Skills llamacpp-bench

Run llama.cpp benchmarks on GGUF models to measure prompt processing (pp) and token generation (tg) performance. Use when the user wants to benchmark LLM models, compare model performance, test inference speed, or run llama-bench on GGUF files. Supports Vulkan, CUDA, ROCm, and CPU backends.

install

source · Clone the upstream repo

git clone https://github.com/openclaw/skills

Claude Code · Install into ~/.claude/skills/

T=$(mktemp -d) && git clone --depth=1 https://github.com/openclaw/skills "$T" && mkdir -p ~/.claude/skills && cp -r "$T/skills/alexhegit/llamacpp-bench" ~/.claude/skills/clawdbot-skills-llamacpp-bench && rm -rf "$T"

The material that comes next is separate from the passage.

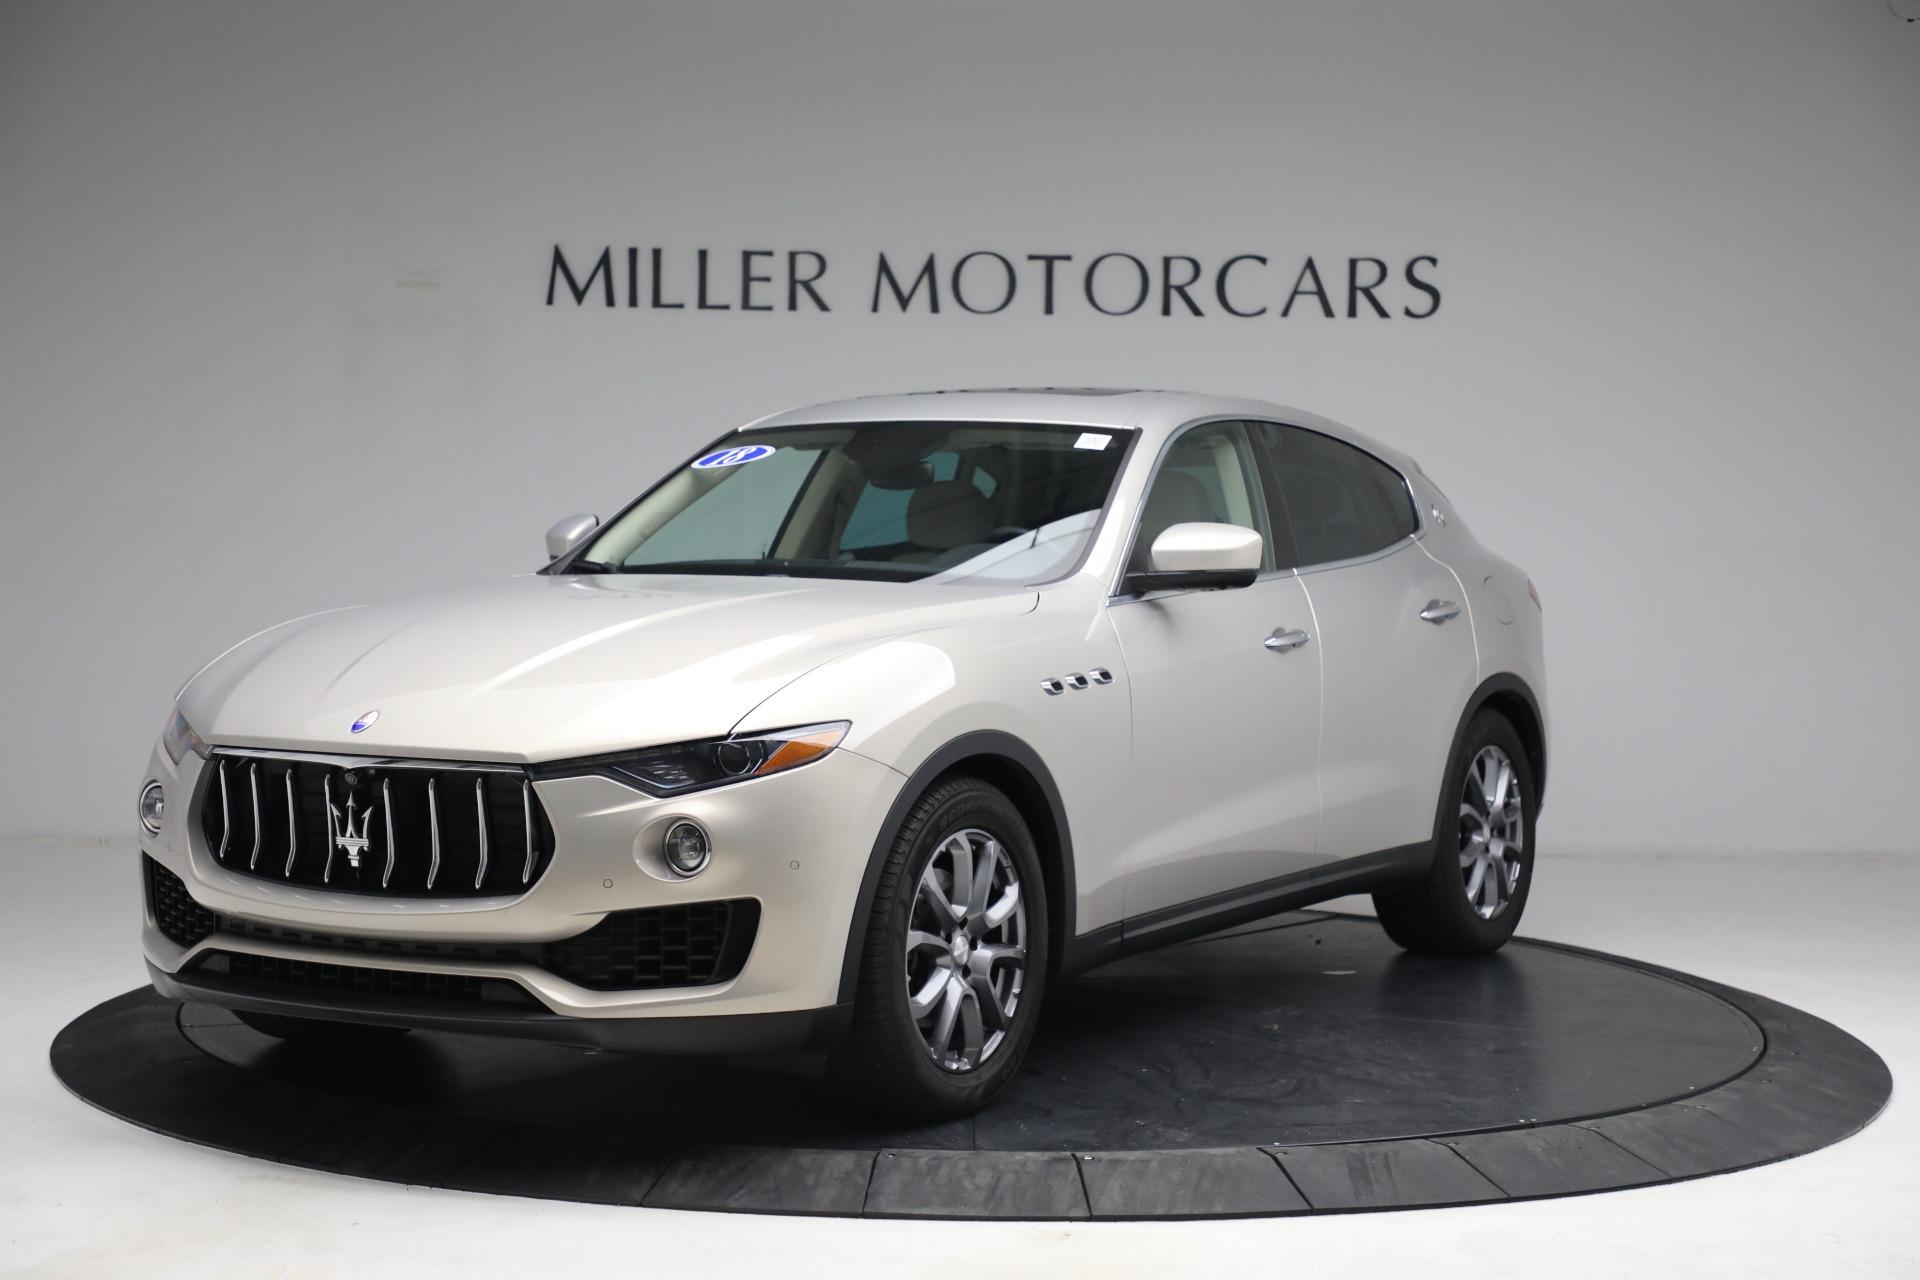 Used 2018 Maserati Levante for sale $57,900 at Aston Martin of Greenwich in Greenwich CT 06830 1
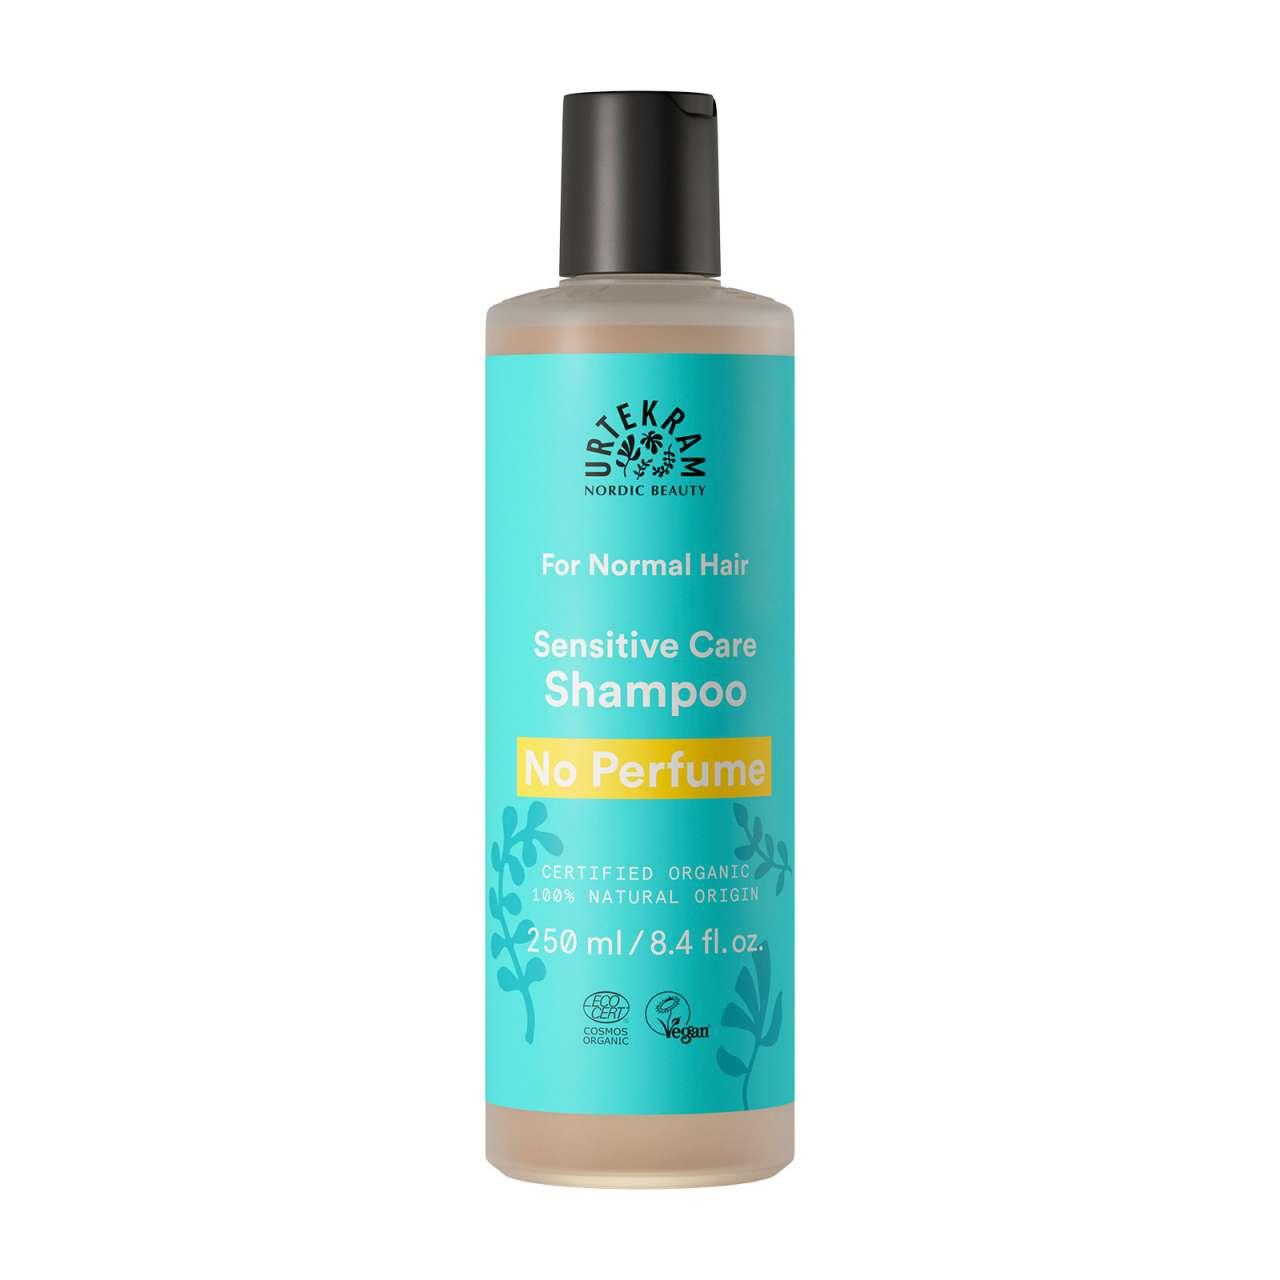 No Perfume Naturkosmetik: Shampoo ohne Silikone

manifest: skills/alexhegit/llamacpp-bench/SKILL.md

source content

llamacpp-bench

Run standardized benchmarks on GGUF models using llama.cpp's

llama-bench

tool.

Quick Start

# Basic benchmark
llama-bench -m model.gguf -p 512,1024,2048 -n 128,256 -ngl 99

# With specific backend
LLAMA_BACKEND=vulkan llama-bench -m model.gguf -p 512,1024,2048 -n 128,256 -ngl 99

Benchmark Parameters

Parameter	Description	Default
`-m`	Model path (GGUF file)	required
`-p`	Prompt sizes to test	512
`-n`	Generation lengths to test	128
`-ngl`	GPU layers to offload	99
`-t`	CPU threads	auto
`-dev`	Device selection	auto

Standard Test Suite

For consistent comparisons across models, use:

-p 512,1024,2048 -n 128,256 -ngl 99

This tests:

Prompt processing: 512, 1024, 2048 tokens
Token generation: 128, 256 tokens

Interpreting Results

Metric	Meaning	Good Performance
`pp512`	Prompt processing speed at 512 tokens	>1000 t/s
`pp1024`	Prompt processing speed at 1024 tokens	>1000 t/s
`pp2048`	Prompt processing speed at 2048 tokens	>1000 t/s
`tg128`	Token generation speed (128 tokens)	>50 t/s
`tg256`	Token generation speed (256 tokens)	>50 t/s

Backend Selection

llama-bench auto-detects available backends. Priority order:

CUDA (NVIDIA GPUs)
ROCm (AMD GPUs)
Vulkan (cross-platform GPU)
CPU (fallback)

To force a backend, set environment variable or check build:

# Check available backends
llama-bench --help | grep -i "backend\|cuda\|rocm\|vulkan"

Batch Benchmarking

Use the provided script for benchmarking multiple models:

./scripts/benchmark_models.sh /path/to/models/*.gguf

Saving Results

Output can be redirected to a file:

llama-bench -m model.gguf -p 512,1024,2048 -n 128,256 -ngl 99 > results.txt

Or use the benchmark script which auto-saves to timestamped files.

Common Issues

Out of memory: Reduce
```
-ngl
```
(GPU layers) or test smaller prompt sizes
Slow CPU performance: Ensure
```
-t
```
matches CPU core count
Backend not found: Check llama.cpp was built with the desired backend

Building / Updating llama.cpp

Check Current Version

./scripts/build_llamacpp.sh -v

Shows:

Current Git commit and branch
Build date
Whether behind upstream
Available backends

Build or Update

# Interactive mode (prompts for backend selection)
./scripts/build_llamacpp.sh -u

# Specify backend directly
./scripts/build_llamacpp.sh -u -b vulkan   # Vulkan (AMD/Intel GPUs)
./scripts/build_llamacpp.sh -u -b cuda     # CUDA (NVIDIA GPUs)
./scripts/build_llamacpp.sh -u -b rocm     # ROCm (AMD GPUs)
./scripts/build_llamacpp.sh -u -b cpu      # CPU only

# Clean rebuild
./scripts/build_llamacpp.sh -c -b vulkan

# Custom build directory
./scripts/build_llamacpp.sh -u -b cuda -d /custom/path

Build Options

Flag	Description
`-v`	Show version info and exit
`-u`	Update to latest from GitHub
`-c`	Clean build (remove existing)
`-b`	Backend: vulkan, cuda, rocm, cpu
`-d`	Build directory path
`-j`	Parallel jobs (default: CPU count)

Finding llama-bench

The benchmark script auto-detects llama-bench in these locations:

/DATA/Benchmark/llama.cpp/build/bin/llama-bench

```
~/Repo/llama.cpp/build/bin/llama-bench
```
```
~/lab/build/bin/llama-bench
```

If not found, it will search your home directory or you can build it using the script above.